In my opinion it's all about heteronormativity. Bisexual and trans and all manner of other queer folk really weaken the position that the hetnorm parts of the community are building on. Just look at the focus on the fight for marriage, when ENDA would be such a bigger win in practical terms. What the public face of the LG community at large is trying to present the rest of the world with is "We're just like you. Monogamous, stable, consistent. Humdrum even. No crazy colors, no lisps, no femme men or butch women. We just like the same gender. It's not a choice". Acknowledging bisexuality and the reality of gender variance weakens that position. It's easier to get people to accept two very straight seeming men or women in a very traditional monogamous relationship than to accept that gender and sexuality aren't necessarily fixed, binary things for some people. It's harder to fight for the right to CHOOSE who you have sex with and how you will present yourself than to say "I have no choice, you should acknowledge us because we can't help what we do".
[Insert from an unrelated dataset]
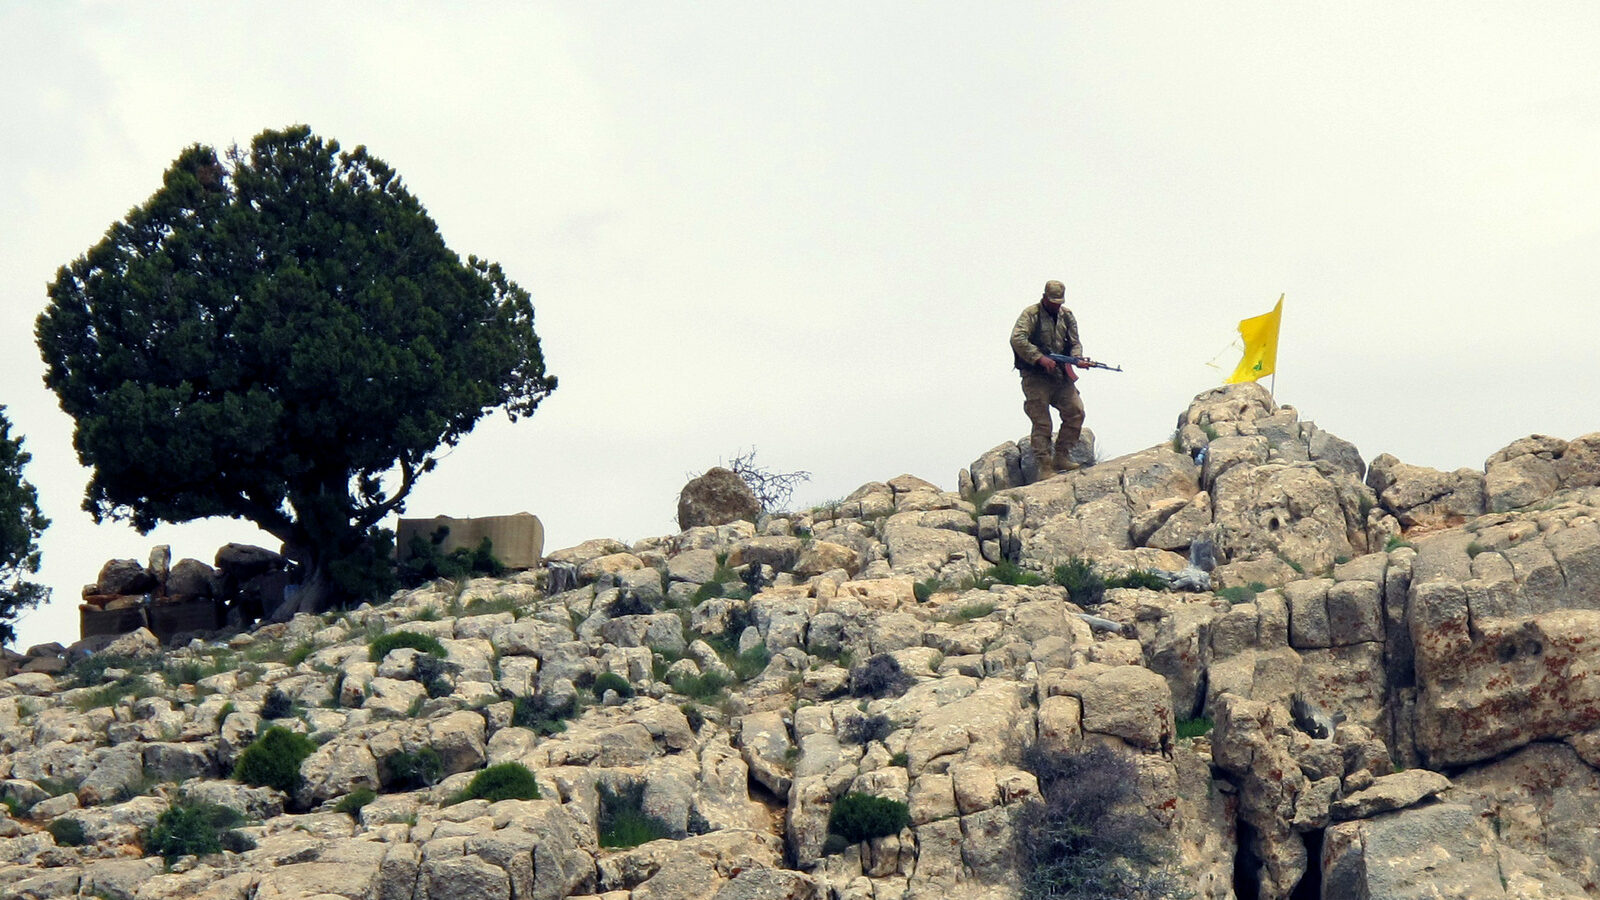 A Hezbollah fighter stands on a hill next to the group's yellow flag in the fields of the Syrian town of Assal al-Ward in the mountainous region of Qalamoun, Syria. (AP/Bassem Mroue)

That said, I do believe that for the vast majority of us, there is no choice involved in our orientation or identity, only a choice of what to do with it. But really -- we have the RIGHT to be who we want, so the "it's not a choice, it's genetic" thing is a bit of an unprincipled cop-out.

I see alot of conversations, even on Reddit, like "Why are we even doing pride? It just gives the straight people more ammo against us, getting all lewd and strange in public". But if we're not fighting for that, what are we fighting for? In a much larger picture, we're fighting to keep society and the law from dictating what is acceptable in our lives and for the right to be ourselves, whatever form that may take.

Anyway, that's my 2 cents. In my opinion, there are alot of other reasons for rifts and divides in the LGBT community, but I think this is the biggest at the moment.